An example of power calculation for the generalized case of
Suppose there is the same room, but inside 17ºС, and the surface of the radiator, for example, 55 ºС.Outside the frost is -10 ºС, and we achieve the nominal room value( 20 ºС), and the temperature of the central heating radiator is at worst 50 ºC.Let us find the maximum power of the heater, which stretched the worst described case at a temperature outside the window of -30 ºС.First of all, we find the battery power at a surface temperature of 55 ºС and a room temperature of 17 ºС.Already shown how to act in this case, now we will show in practice. We take an oil heater of 1.5 kW, wait until the room enters the mode, and measure the temperature difference. Let for simplicity we get the same 3 ºC.According to the schedule we find the required proportion:
( 1.5 +( 55 - 20) /( 55 - 17) N) - N = 3 ºC.
From the operating point to the intersection of the graph with the horizontal axis, the distance in degrees is 27. The result is:
N = 9( 1.5 - 0.078N), from where we find watts. It turned out 7.9 kW.This is the power of the central heating radiator at a temperature difference of 38 ° C( between the surface of the battery and the room).In the worst case, this differentiation will be less and will be 30. The resulting power will decrease proportionally and will be 6.23 kW.We build the graph for this case in the same way as in the picture. We recall the value of heat loss at 27ºС with a zero point. This is 7.9 kW.We bring the problem to the one solved above, for which we find heat losses at -10 ºC outside and at room temperature 20 ºС.It turns out 30 ºС difference. Therefore, we divide 7.9 by 0.9 and we get 8.77 kW.To keep the room at a given level in these conditions, we add to the batteries the difference( 8.77 - 6.23) = 2.54 kW.
At a temperature outside the window -30 º C conditions will become tougher. We solve the problem as shown above to search for the result. Concerning the already existing heat losses of 8.77 kW, an additional 2/3 of the specified number will be added, amounting to 5.78 kW.The total power of the heaters will exceed the energy of the radiators and will be 5.78 + 2.54 kW = 8.32 kW.It is clear that due to electricity, this result is unlikely, therefore, an infrared fireplace with blue fuel or a similar device is required.

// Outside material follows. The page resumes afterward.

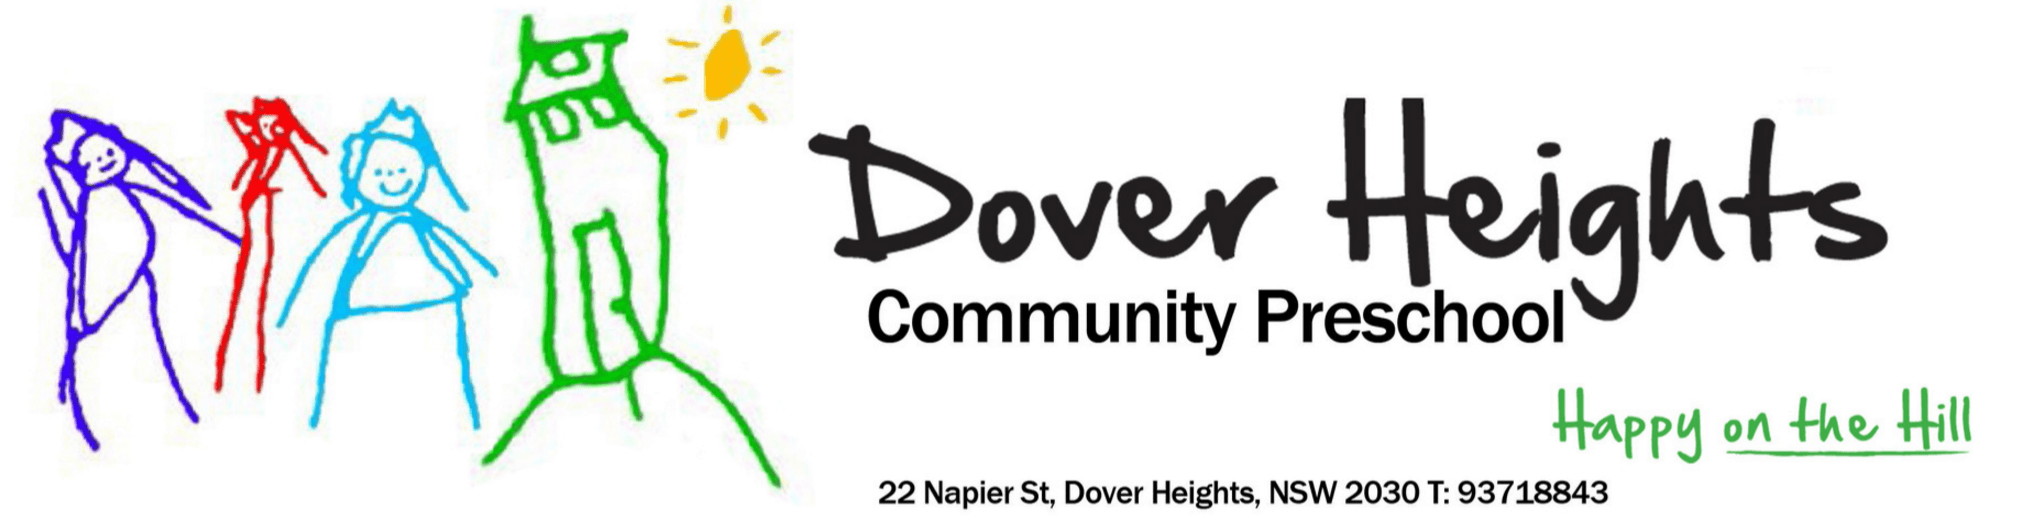 Dover Heights Community Preschool

Now, similarly, readers will calculate the power of an infrared heater of any type. The only thing is that the story was conducted in such a way as to warm up the room, but if it is required to give heat exclusively to a specific sector, divide the area by the floor meter and multiply the number in watts by a factor less than one. Get a more modest number. They say that infrared heaters help to save. It is more difficult to calculate the power of a gas heater, since it also heats by convection. In this case, it is necessary to properly position the equipment to obtain the proper effect. For orientation, we use the algorithm given above as a starting point for further research.
Calculations allow an error, but it is realistic to estimate the power required for an apartment. It is important to wait for the temperature to reach the mode, to make measurements as accurately as possible.